Biallelic AAGGG repeat expansions in RFC1 were identified in 10/127 patients (8%) with BVP and 1/41 with probable BVP. Heterozygous expansions in 10/127 patients were enriched compared with those in reference populations. RFC1-related BVP manifested at a median age of 60 years (range 34-72 years) and co-occurred predominantly with mild polyneuropathy (10/11). Additional cerebellar involvement (7/11) was subtle and limited to oculomotor signs in early stages, below recognition of classic cerebellar ataxia, neuropathy, and vestibular areflexia syndrome. Clear dysarthria, appendicular ataxia, or cerebellar atrophy developed 6-8 years after onset. Dysarthria, absent patellar reflexes, and downbeat nystagmus best discriminated RFC1-positive BVP from RFC1-negative BVP, but neither sensory symptoms nor fine motor problems. Video head impulse gains of patients with RFC1-positive BVP were lower relative to those of patients with RFC1-negative BVP and decreased until 10 years disease duration, indicating a potential progression and outcome marker for RFC1-disease.

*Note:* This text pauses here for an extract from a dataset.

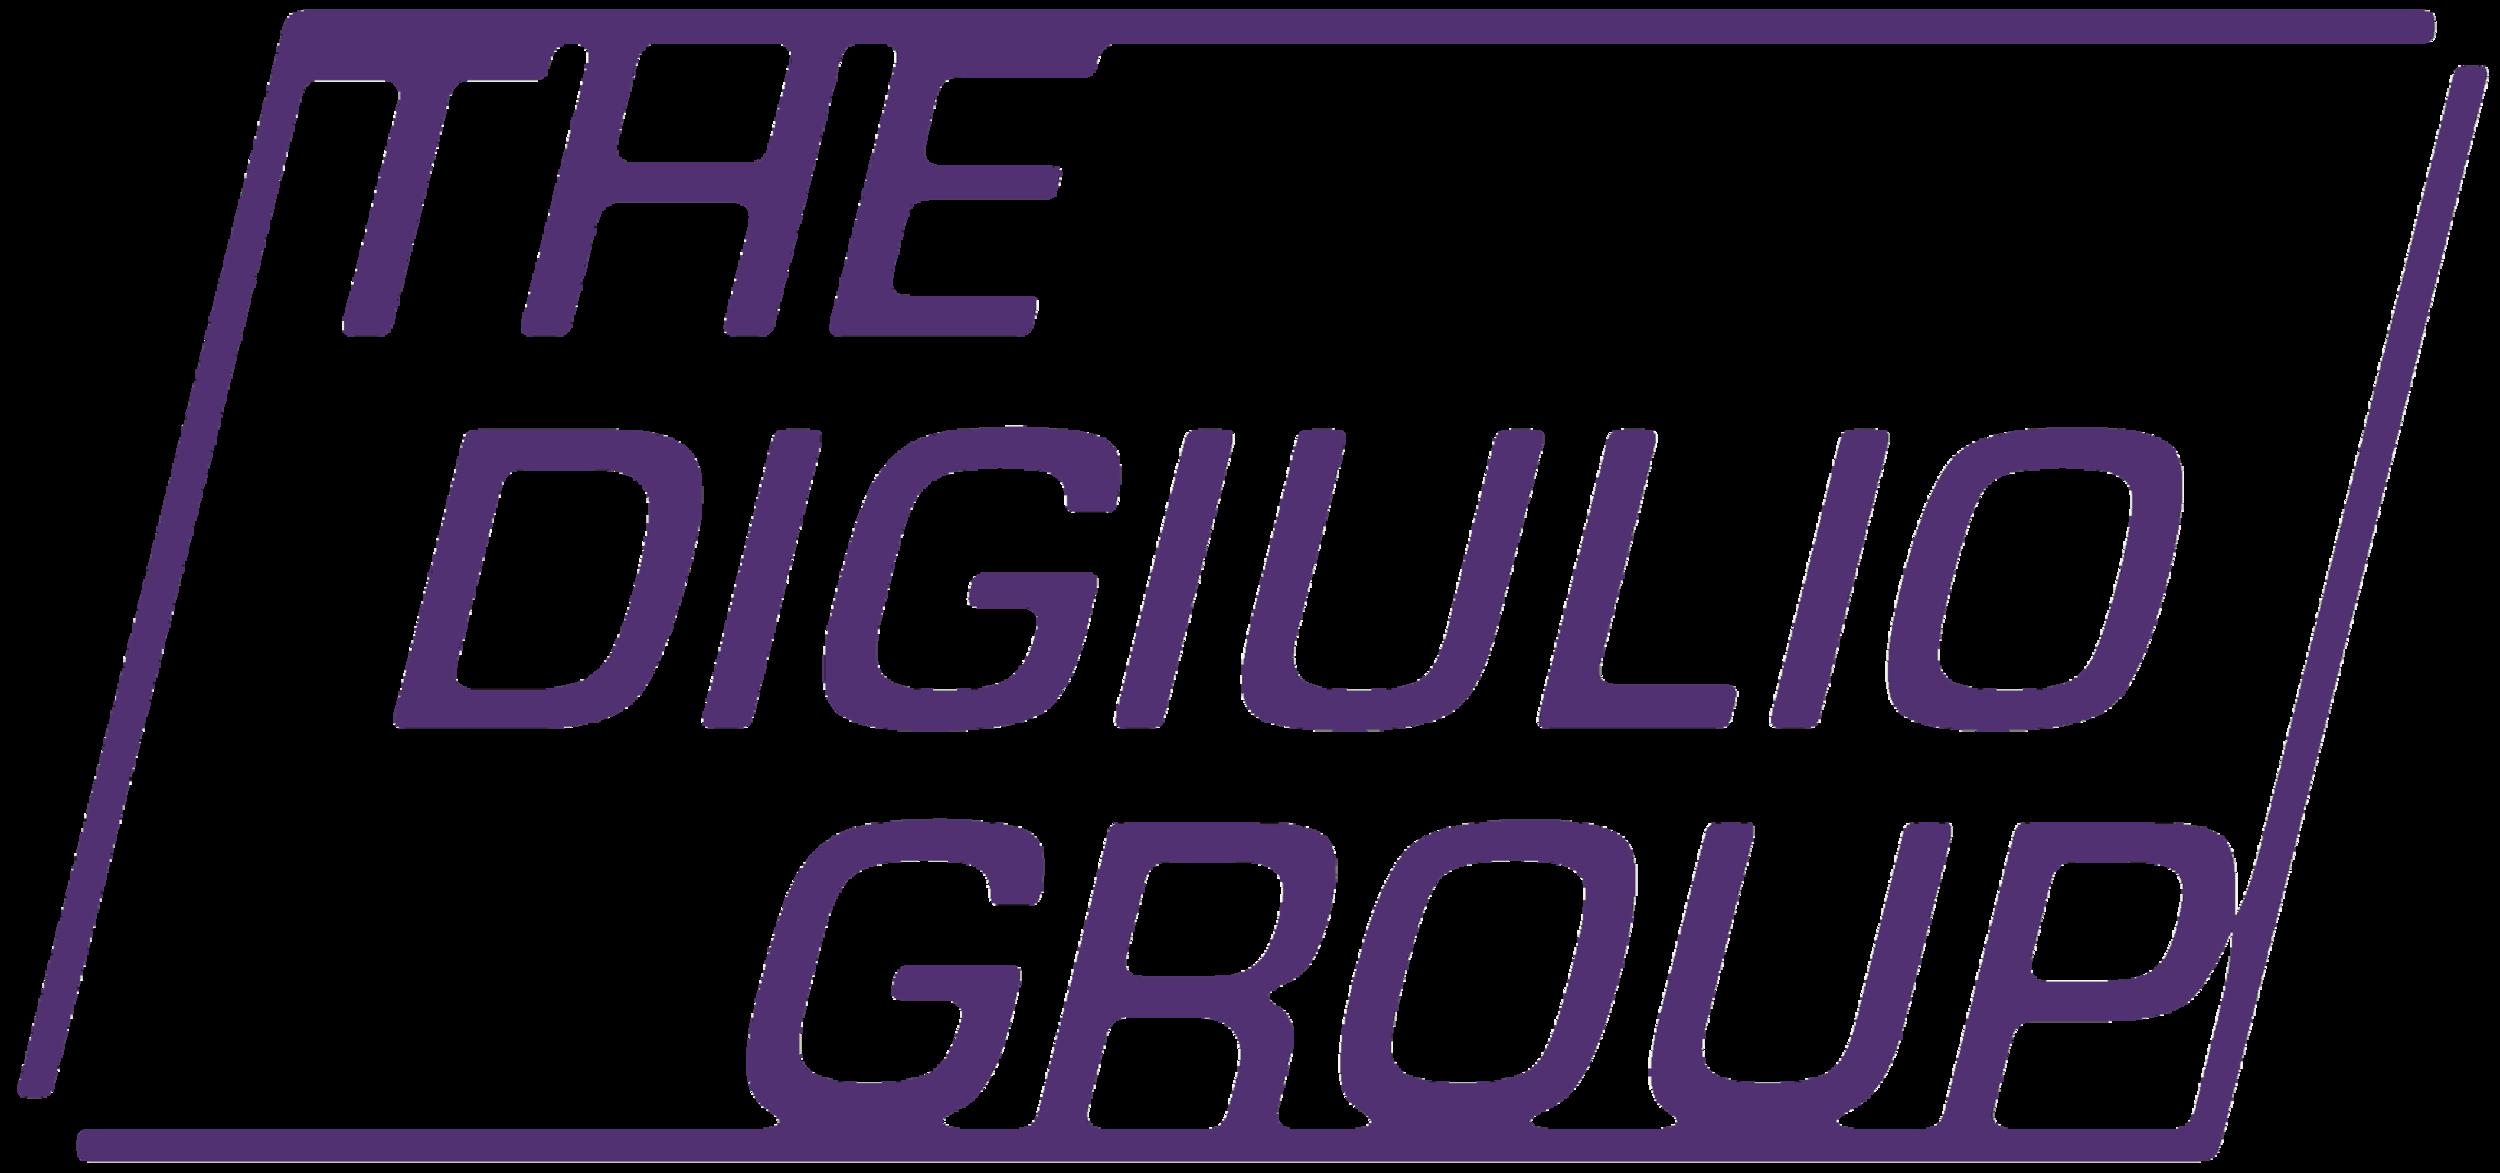 DiGiulio Group Purple LOGO.png

This study identifies RFC1 as the first-and frequent-monogenic cause of BVP. It characterizes RFC1-related BVP as part of the multisystemic evolution of spectrum disease, with implications for designing natural history studies and future treatment trials.
This study provides Class II evidence that RFC1 repeat expansions cause BVP.
双侧前庭病(BVP)是一种慢性致残性神经系统疾病,尽管表现相似,但目前尚未确定其单一的遗传病因。我们假设复制因子复合物亚基 1(RFC1)重复扩展可能是 BVP 的一种复发性单基因病因。
本研究涉及对来自三级平衡障碍转诊中心的 168 例特发性至少“可能 BVP”的连续患者进行 RFC1 筛查以及深入的神经病学、前庭眼动和疾病演变表型分析,其中 127 例符合当前 BVP 的诊断标准(Bárány 学会分类)。
在 127 例 BVP 患者和 41 例可能 BVP 患者中发现了 RFC1 中的双等位基因 AAGGG 重复扩展。与参考人群相比,127 例患者中有 10 例存在杂合扩展。RFC1 相关的 BVP 中位发病年龄为 60 岁(范围 34-72 岁),主要与轻度多发性神经病(10/11)共存。小脑受累(7/11)较为轻微,仅在早期出现眼动征,尚未达到经典小脑共济失调、神经病和前庭反射缺失综合征的识别水平。构音障碍、四肢共济失调或小脑萎缩在发病后 6-8 年发展。构音障碍、髌反射缺失和下跳性眼球震颤可最佳区分 RFC1 阳性 BVP 和 RFC1 阴性 BVP,但感觉症状或精细运动问题均不能区分。RFC1 阳性 BVP 患者的视频头脉冲增益低于 RFC1 阴性 BVP 患者,并且在疾病持续 10 年期间持续下降,表明这是 RFC1 疾病进展和结局的潜在标志物。
本研究确定了 RFC1 是 BVP 的第一个也是常见的单基因病因。它将 RFC1 相关的 BVP 描述为疾病谱的多系统演变的一部分,这对设计自然史研究和未来的治疗试验具有重要意义。
本研究提供了 II 级证据,证明 RFC1 重复扩展会导致 BVP。